[[ SUPPLIED MATERIAL, beginning ]]

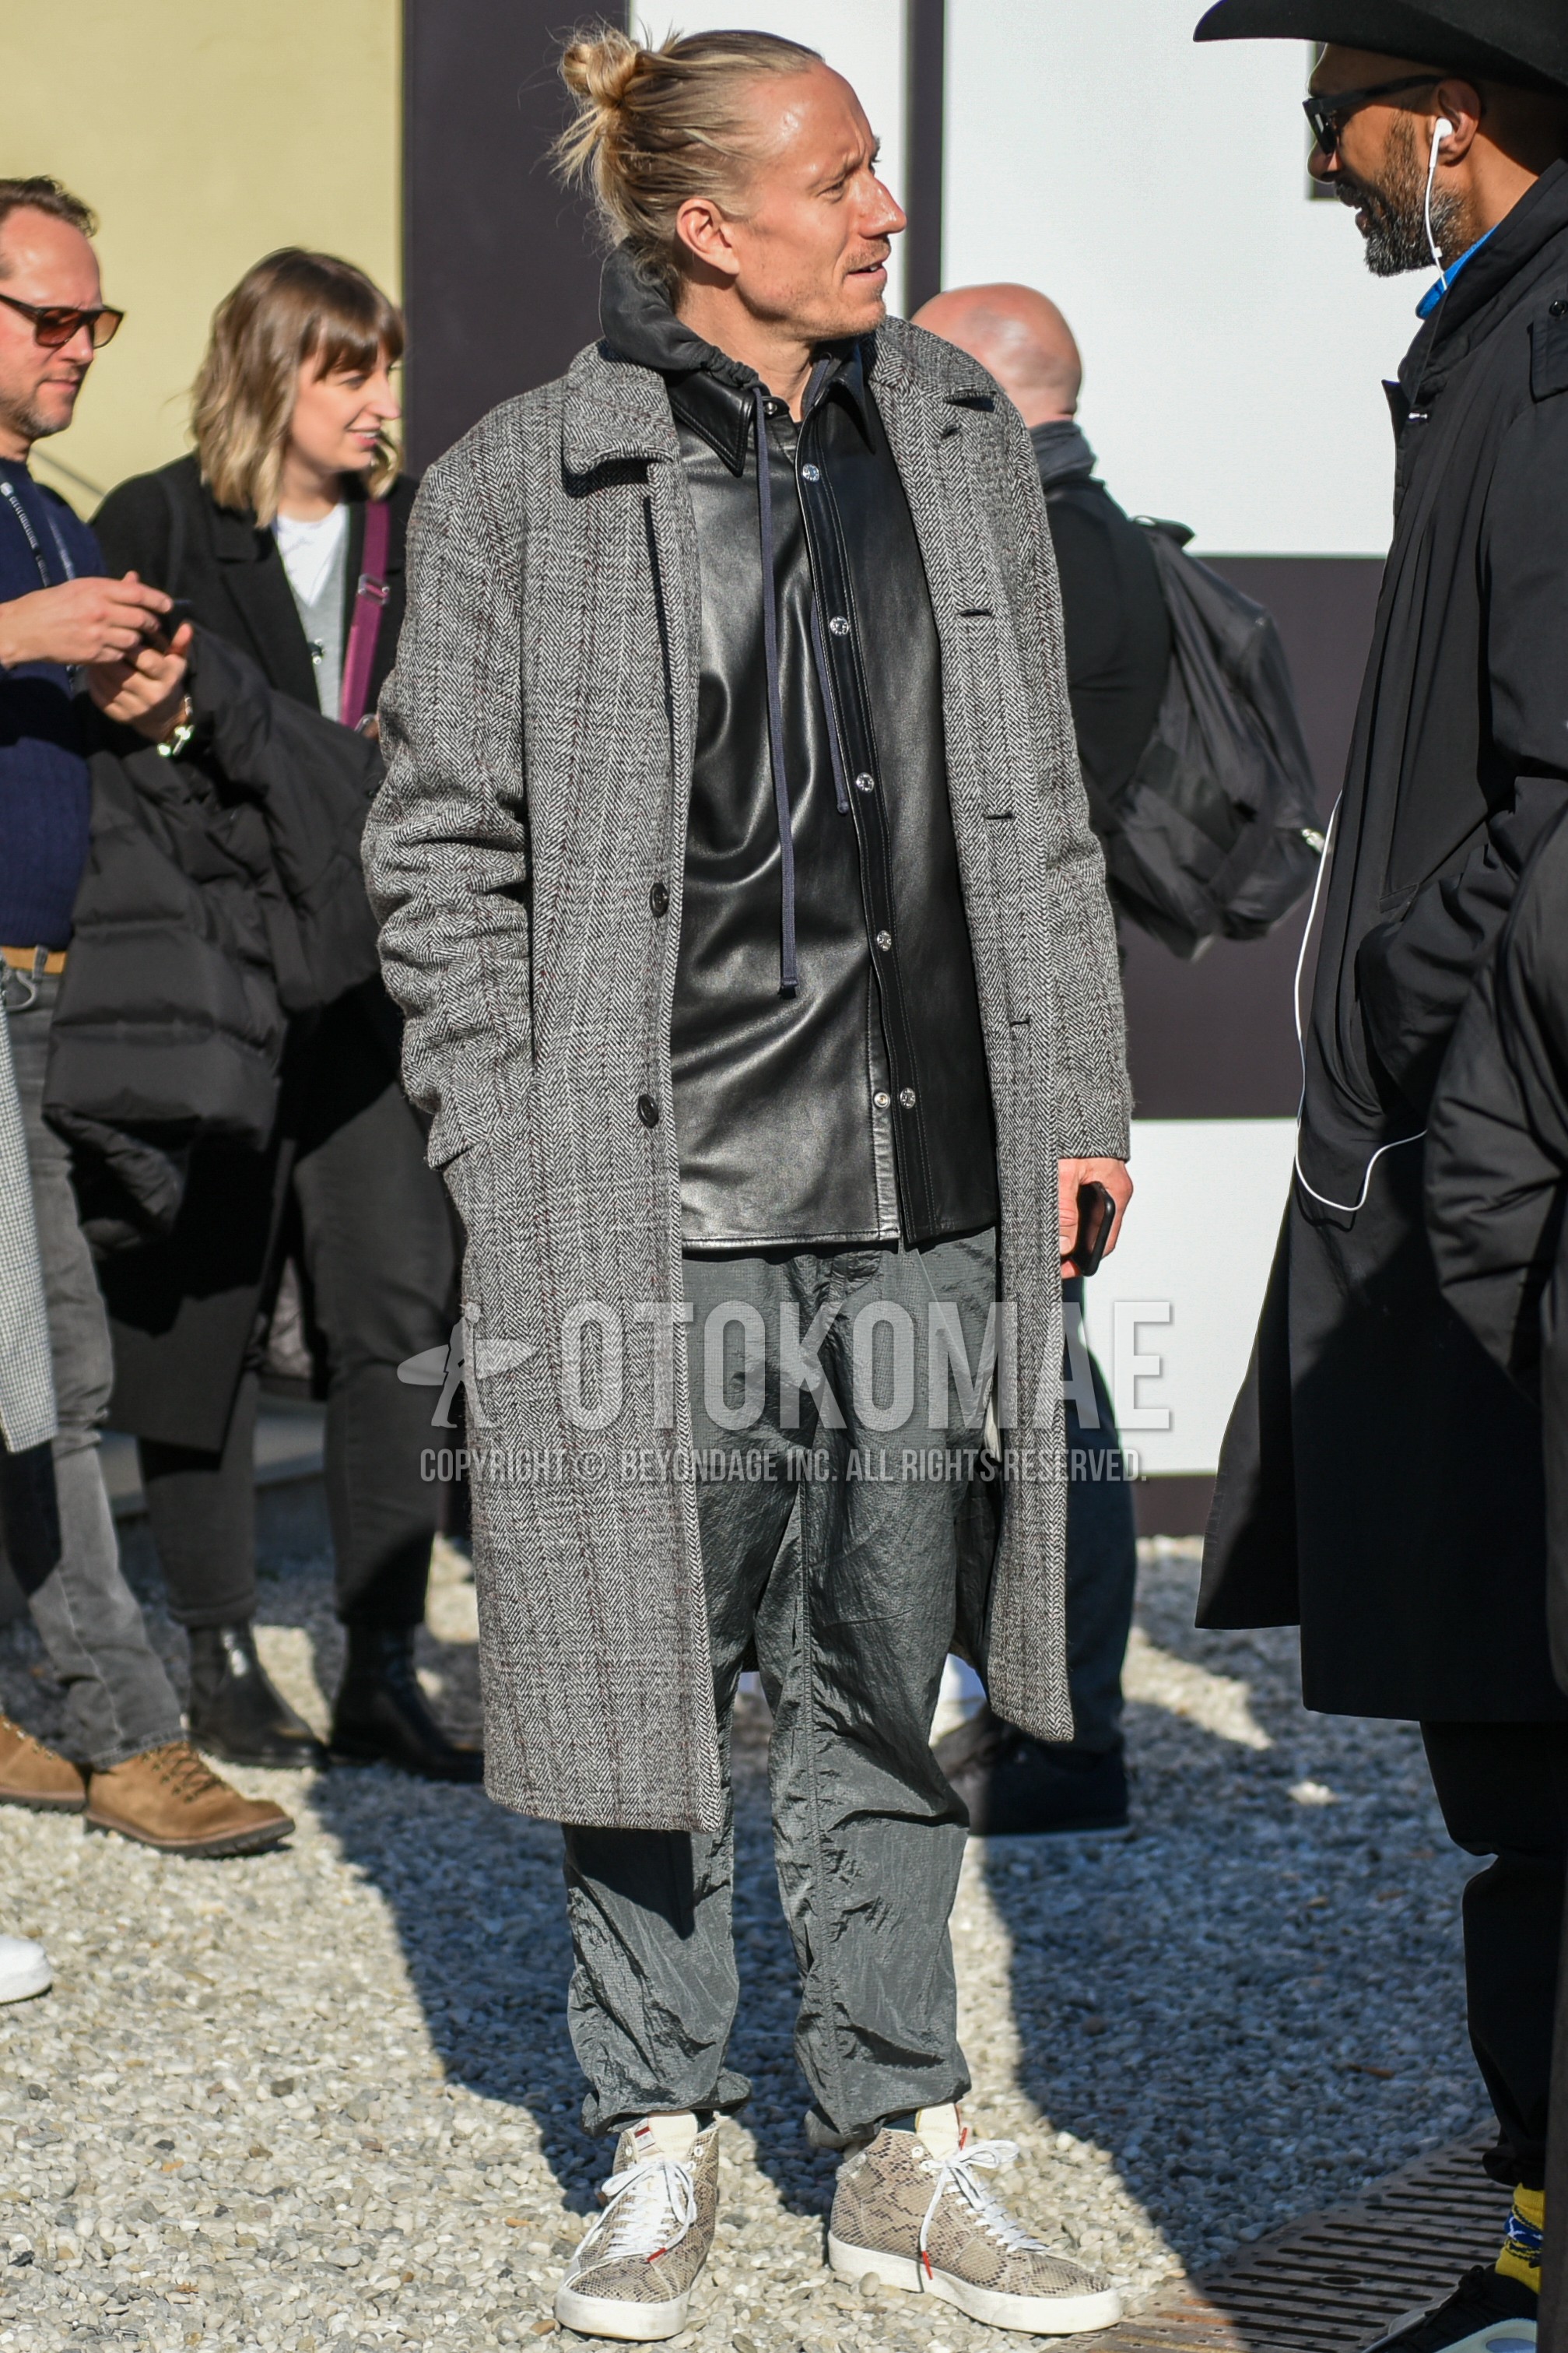 Men's winter outfit with gray check stenkarrer coat, black plain leather jacket, black plain hoodie, gray plain bottoms, gray high-cut sneakers.
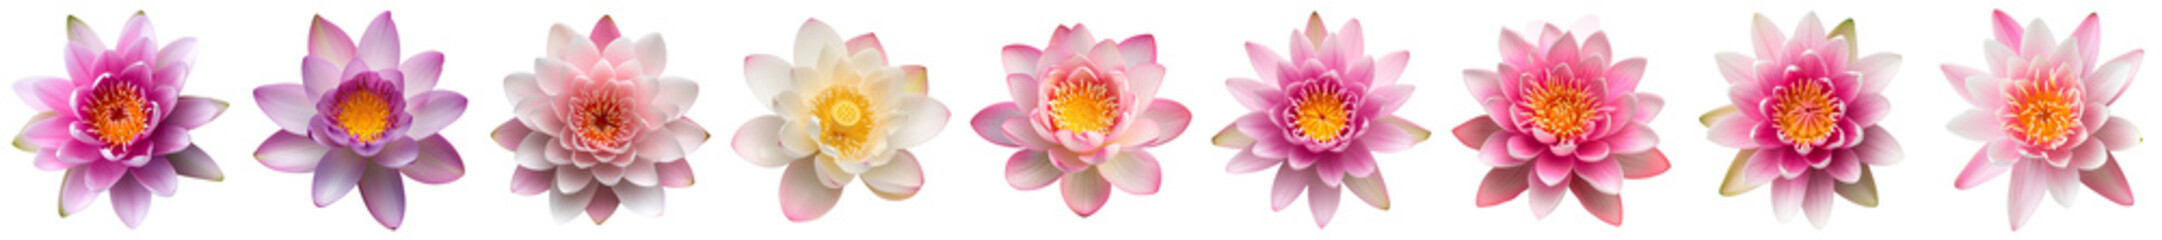 Assorted water lilies on a transparent background, showcasing a range of pink hues, perfect for spring-themed designs and decor
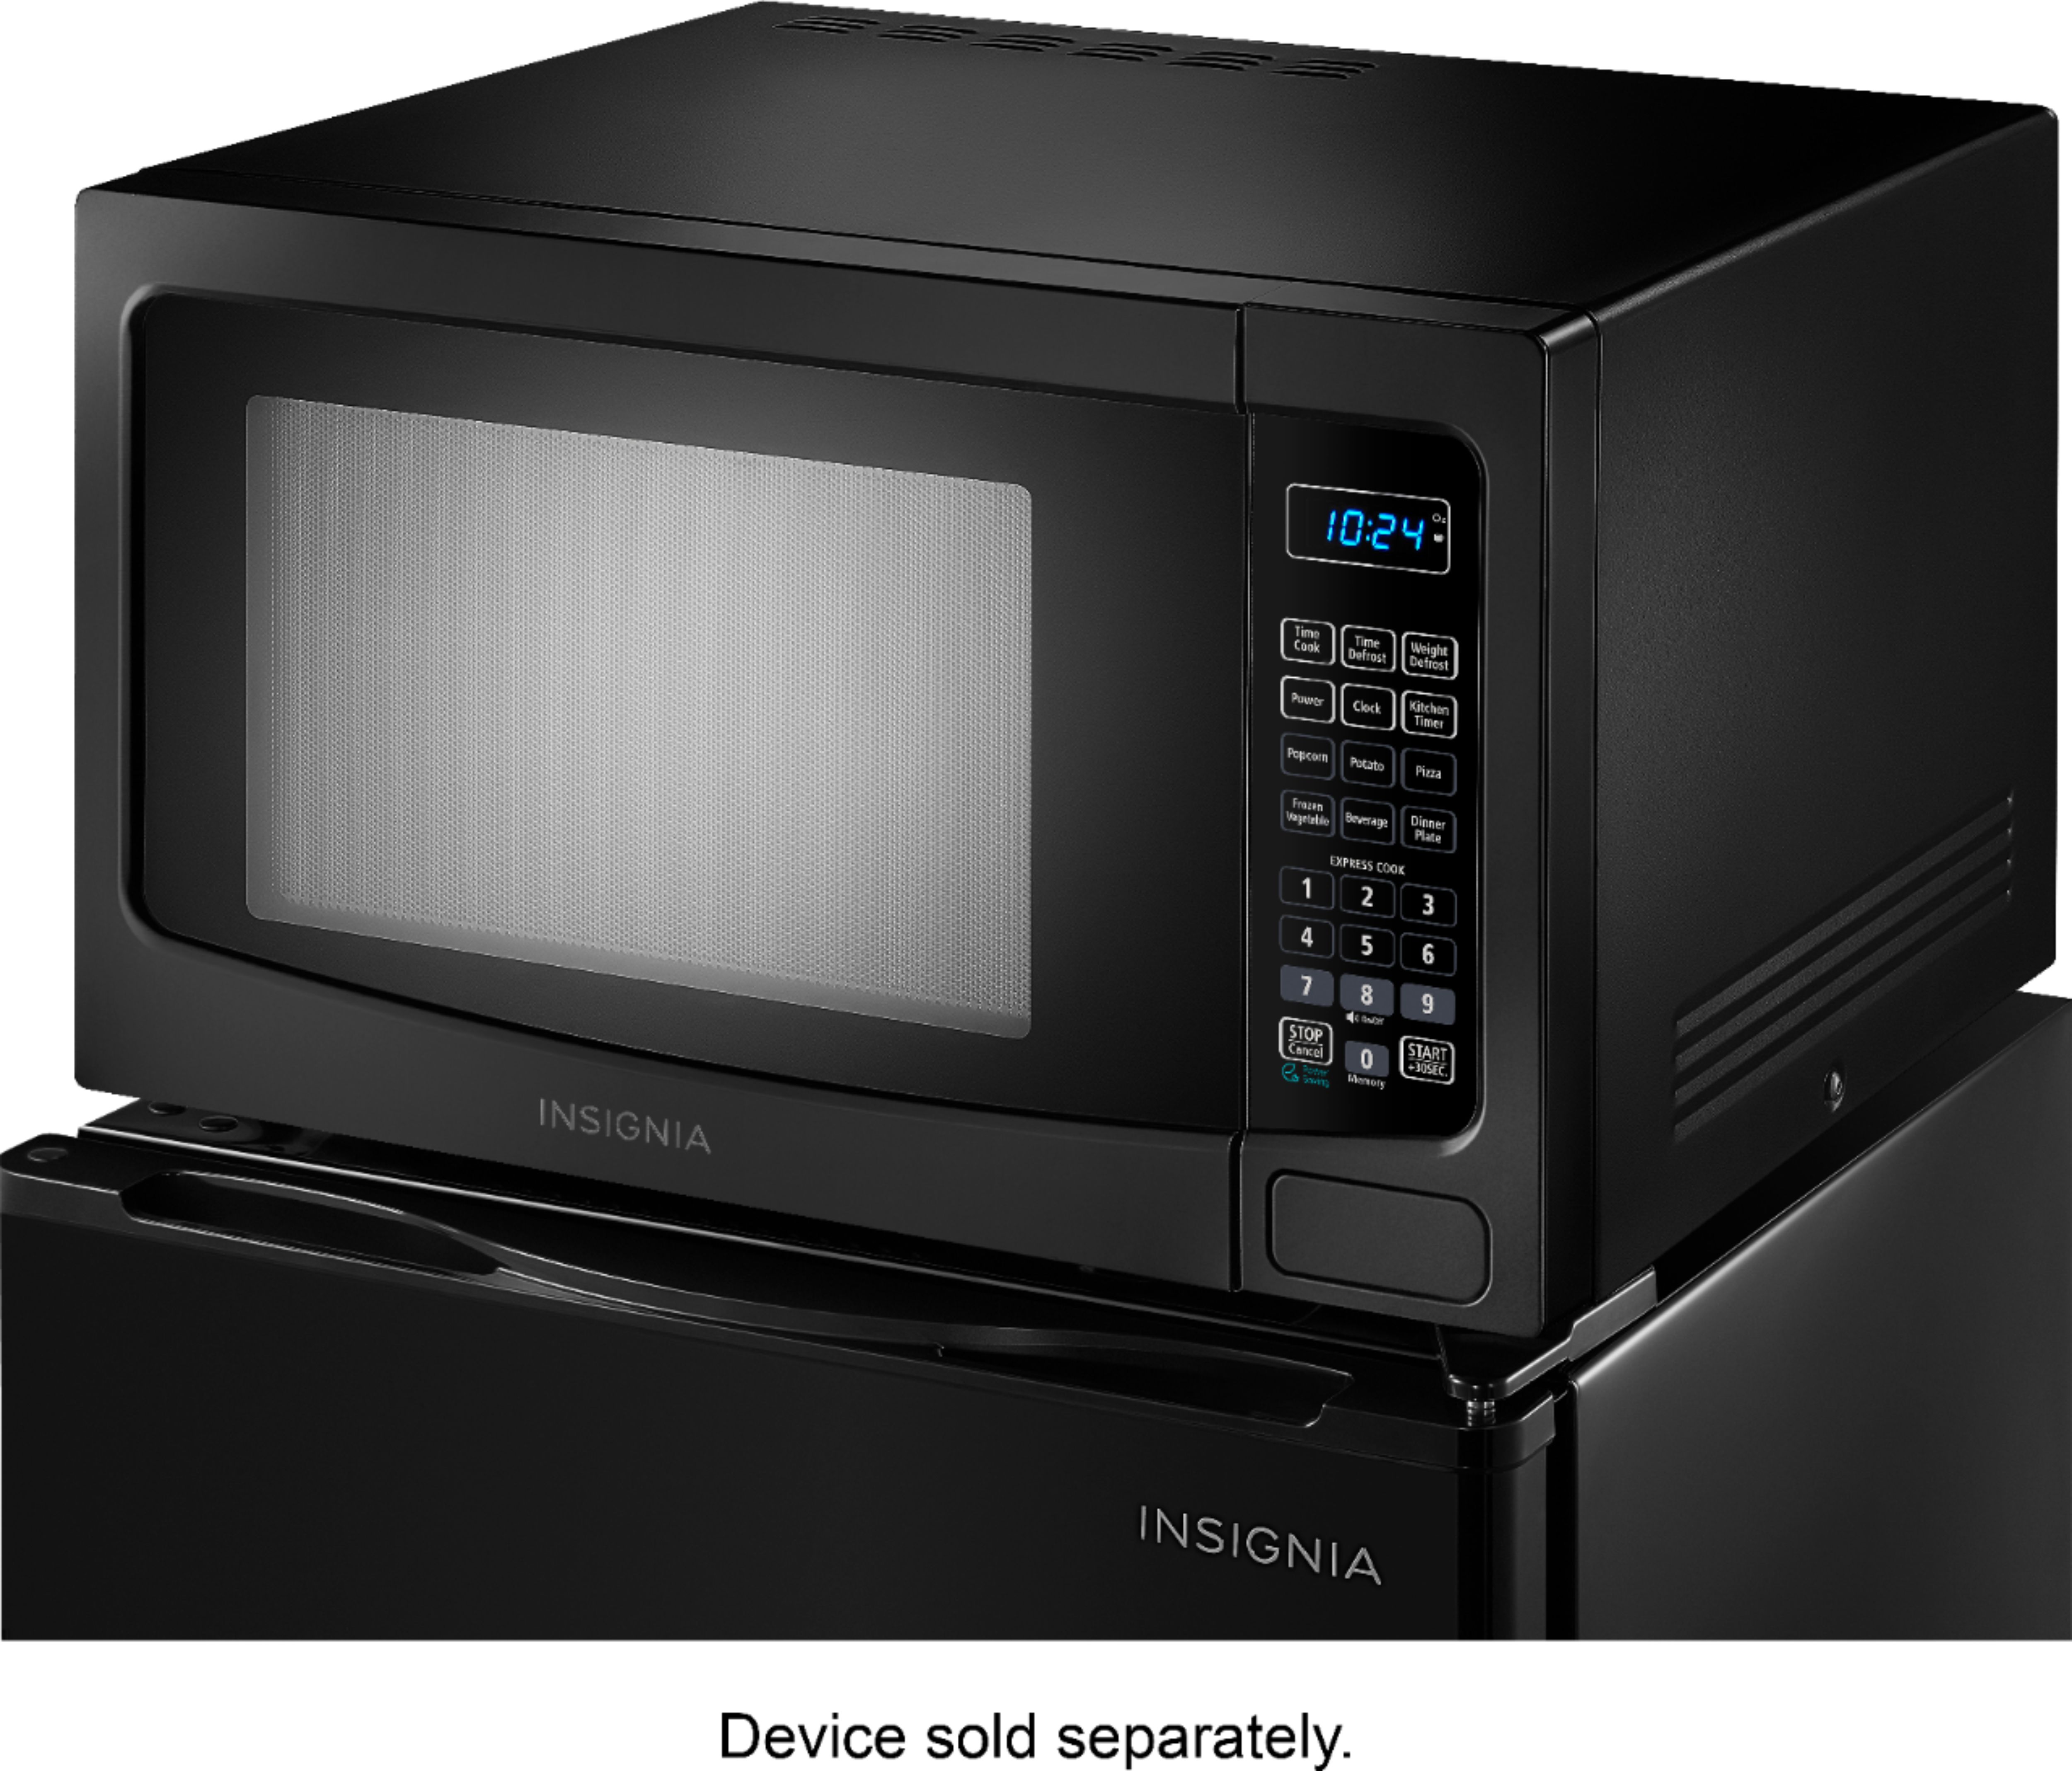 Insignia™ - 0.9 Cu. Ft. Compact Microwave Oven, One-Touch Cooking

[[ SUPPLIED MATERIAL, end ]]

In the copy, include no pictures; everything else in the material should be written out exactly.

**TASK OUTPUT**.
 Men's winter outfit with gray check stenkarrer coat, black plain leather jacket, black plain hoodie, gray plain bottoms, gray high-cut sneakers.
 Assorted water lilies on a transparent background, showcasing a range of pink hues, perfect for spring-themed designs and decor
 Insignia™ - 0.9 Cu. Ft. Compact Microwave Oven, One-Touch Cooking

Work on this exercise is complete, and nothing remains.